____ GIVEN INFORMATION

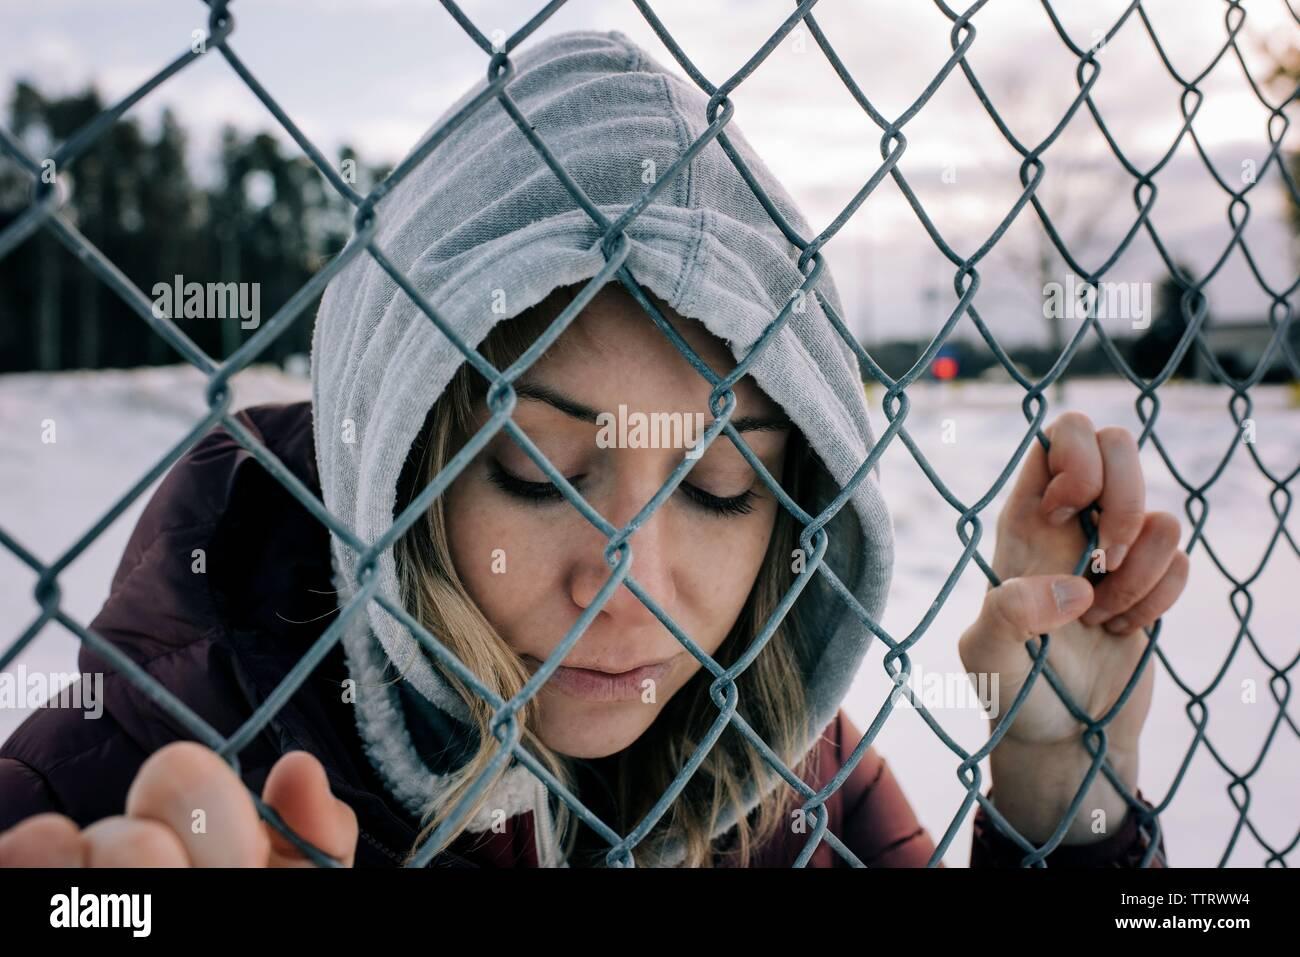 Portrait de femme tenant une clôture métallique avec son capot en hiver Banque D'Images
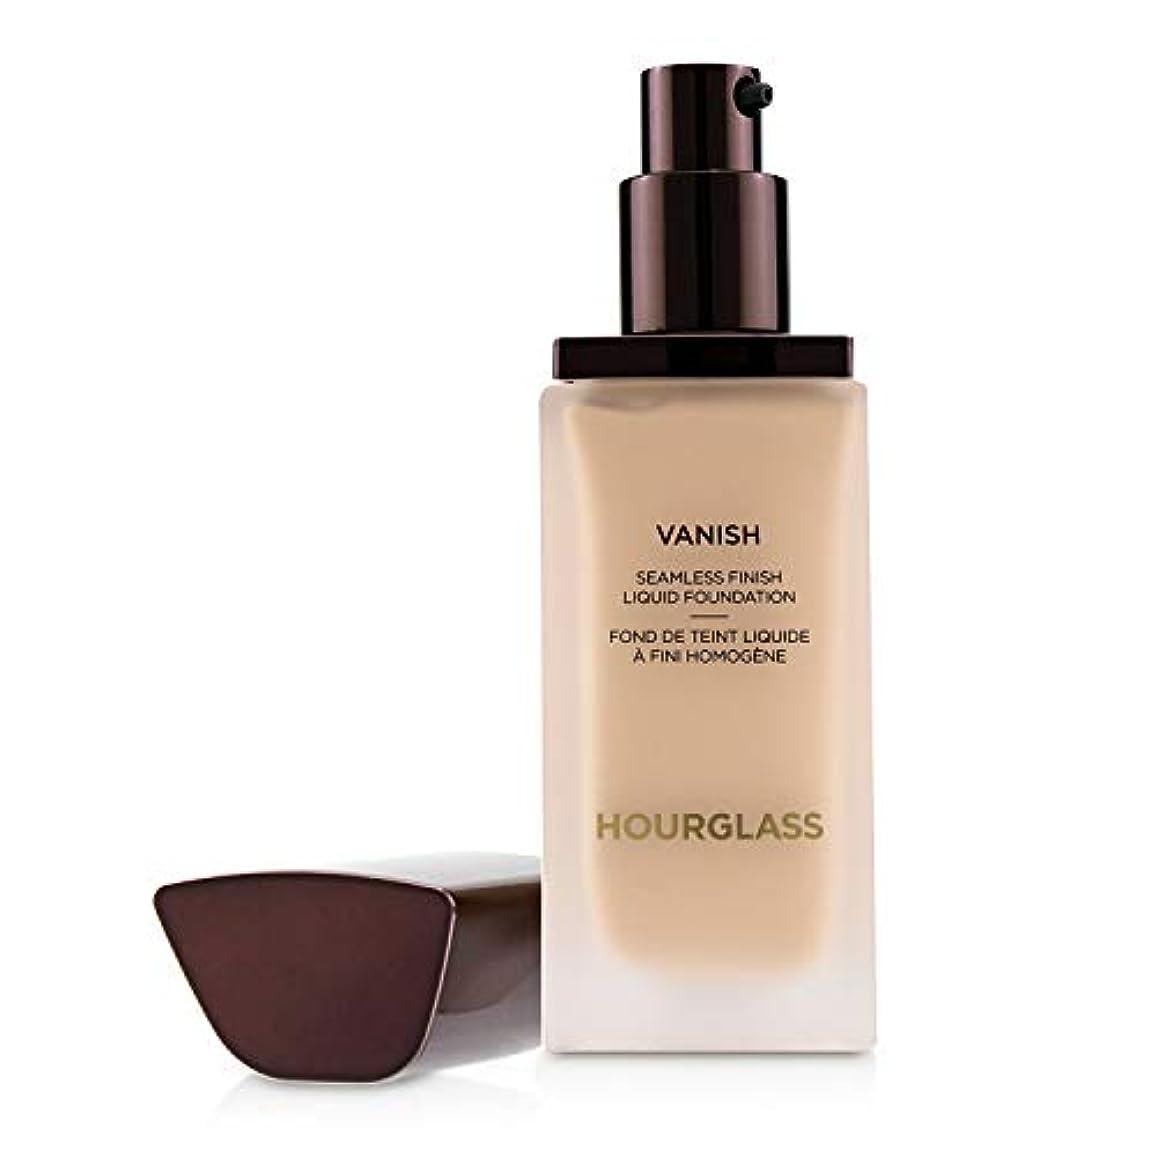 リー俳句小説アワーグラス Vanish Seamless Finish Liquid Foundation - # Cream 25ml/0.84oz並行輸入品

________
____ GIVEN INFORMATION

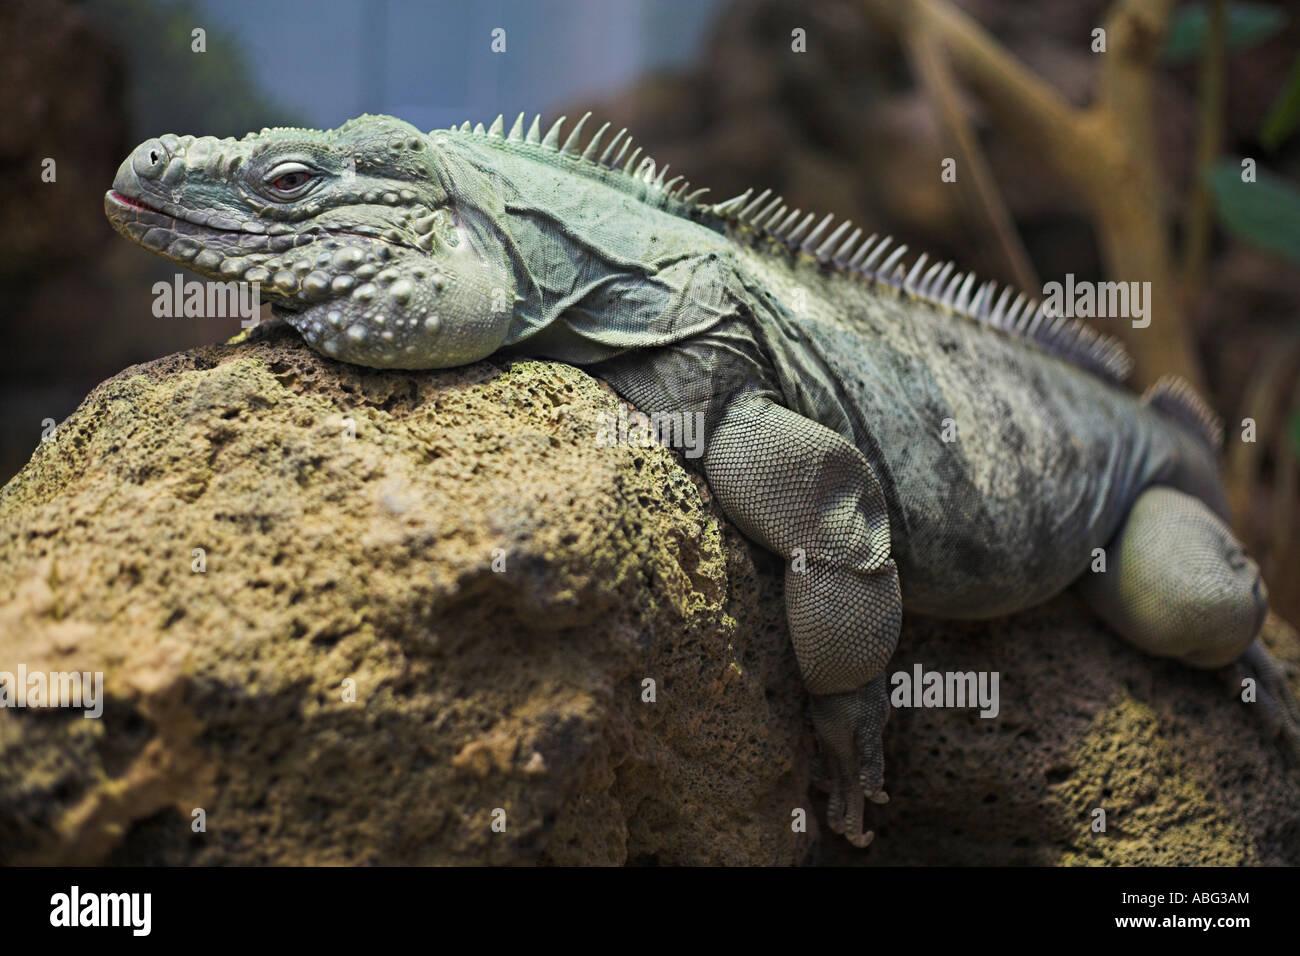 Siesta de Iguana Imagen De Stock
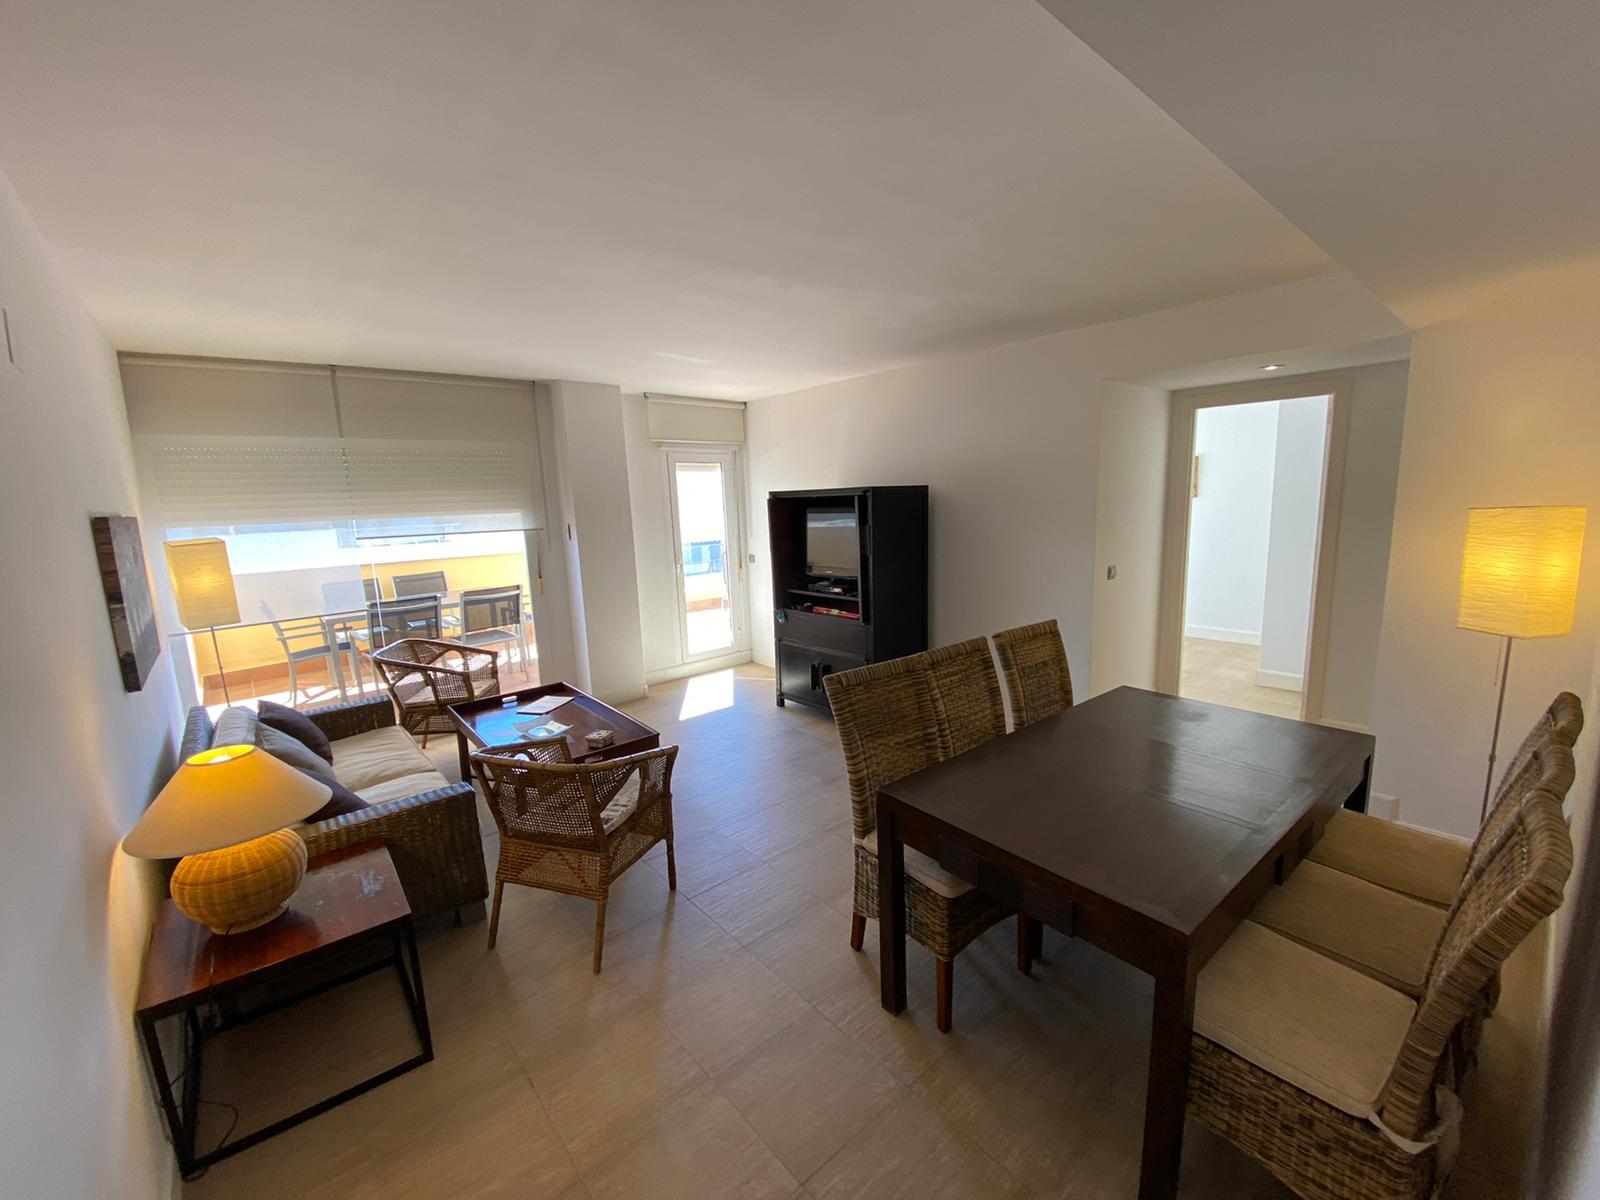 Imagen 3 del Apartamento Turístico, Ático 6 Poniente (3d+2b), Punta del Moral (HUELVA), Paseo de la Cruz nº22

________

> [ACTION ITEM]
Nothing but the lines from the one containing "Siesta de Iguana Imagen De Stock" through the one containing "Imagen 3 del" should appear, copied exactly from the material above and without pictures.

> [OUTPUT FOR THIS EXERCISE]
 Siesta de Iguana Imagen De Stock
 Imagen 3 del Apartamento Turístico, Ático 6 Poniente (3d+2b), Punta del Moral (HUELVA), Paseo de la Cruz nº22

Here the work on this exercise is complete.